Annotation Administration

  • As a site administrator I want to see which user authored an annotation so that I can respond to the correct user in reference to an annotation.
  • As a site administrator, I want to view, edit, and delete annotations in the Django admin site so that I can manage annotations to remove spam or update the annotation owner.
  • As a site administrator I want to click on the URI link for an annotation in the admin and see the annotated page in a separate window so that I can verify its display.

Additional Administration functionality

  • As a site administrator I want to create and edit html pages so that I can add content explaining the site to users.

Release 1.2.2

  • Require eulfedora 1.2 for auto-checksum on ingest against Fedora 3.8

Release 1.2.1

  • Update required version of django-downtime and eultheme.
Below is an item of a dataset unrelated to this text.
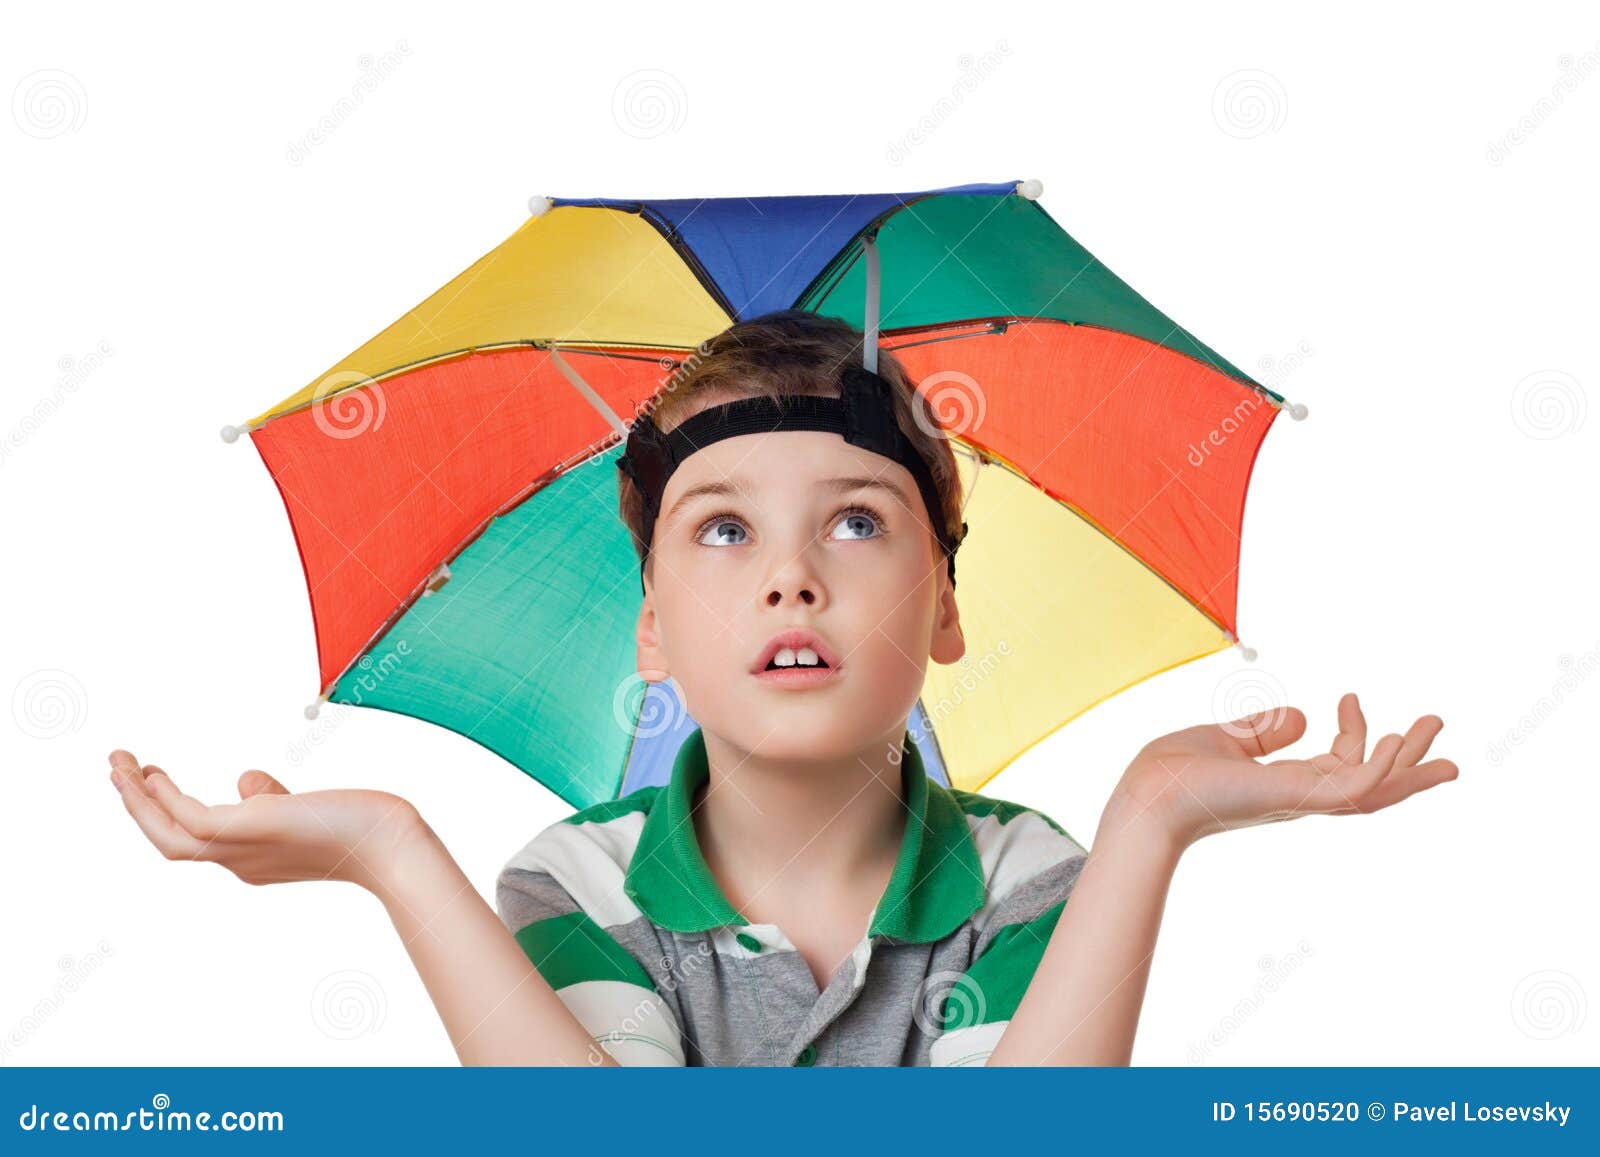 boy with umbrella on head spread hands aside

Release 1.2 - Fedora 3.8 migration support

  • As a site user I will see a Site Down page when maintenance is being performed on the site or or other circumstances that will cause the site to be temporarily unavailable so that I will have an general idea of when I can use the site again.
  • As a site user I will see a banner that displays an informative message on every page of the site so that I can be informed about future site maintenance or other events and know an approximate amount of any scheduled downtime.
  • As an application administrator, I want to generate a list of pids for testing so that I can verify the application works with real data.
  • Any new Fedora objects will be created with Managed datastreams instead of Inline for RELS-EXT and Dublin Core.
  • Upgraded to Django 1.7
  • Now using django-auth-ldap <https://pythonhosted.org/django-auth-ldap/> for LDAP login instead of eullocal.

Release 1.1.2

  • Fix last-modified method for search results to work in cover mode.

Release 1.1.1

  • Fix volume sitemaps to include both Volume 1.0 and 1.1 content models.

Release 1.1 - Import

  • As an administrative user, I want to run a script to import a volume and its associated metadata into the repository so that I can add new content to readux.
  • As a user, I want to browse newly imported content and previously digitized content together, so that I can access newly added content in the same way as previously digitized materials.
  • As a user I can opt to sort items on a collection browse page by date added, in order to see the newest material at the top of the list, so that I can see what is new in a collection.
  • As a user, I want the option to view or download a PDF, with a warning for large files, so that I can choose how best to view the content.
  • As an administrative user, I want to be able to run a script to load missing pages for a volume so that I can load all pages when the initial page load was interrupted.

Release 1.0.2

  • As a user, I want the website to support caching so I don’t have to re-download content that hasn’t changed and the site will be faster.
  • bugfix: fix indexing error for items with multiple titles
  • error-handling & logging for volumes with incomplete or invalid OCR XML
  • adjust models to allow eulfedora syncrepo to create needed content model objects

Release 1.0.1

  • Include .TIF in image file patterns searched when attempting to identify page images in **import_covers* and import_pages scripts
  • Additional documentation and tips for running import_covers and import_pages scripts
  • Bugfix: workaround for pdfminer maximum recursion error being triggered by outline detection for some PDF documents
  • Enable custom 404, 403, and 500 error pages based on eultheme styles

Release 1.0 - Page-Level Access

Cover images and list view improvements

  • As a researcher, when I’m viewing a list of titles, I want the option to toggle to a cover view as an alternate way to view the content.
  • As a user, when I toggle between cover and list views I want to be able to reload or go back in history without needing to reselect the mode I was last viewing, so that the site doesn’t disrupt my browsing experience.
  • As a user, when I page through a collection or search results, I expect the display to stay in the mode that I’ve selected (covers or list view), so that I don’t have to reselect it each time.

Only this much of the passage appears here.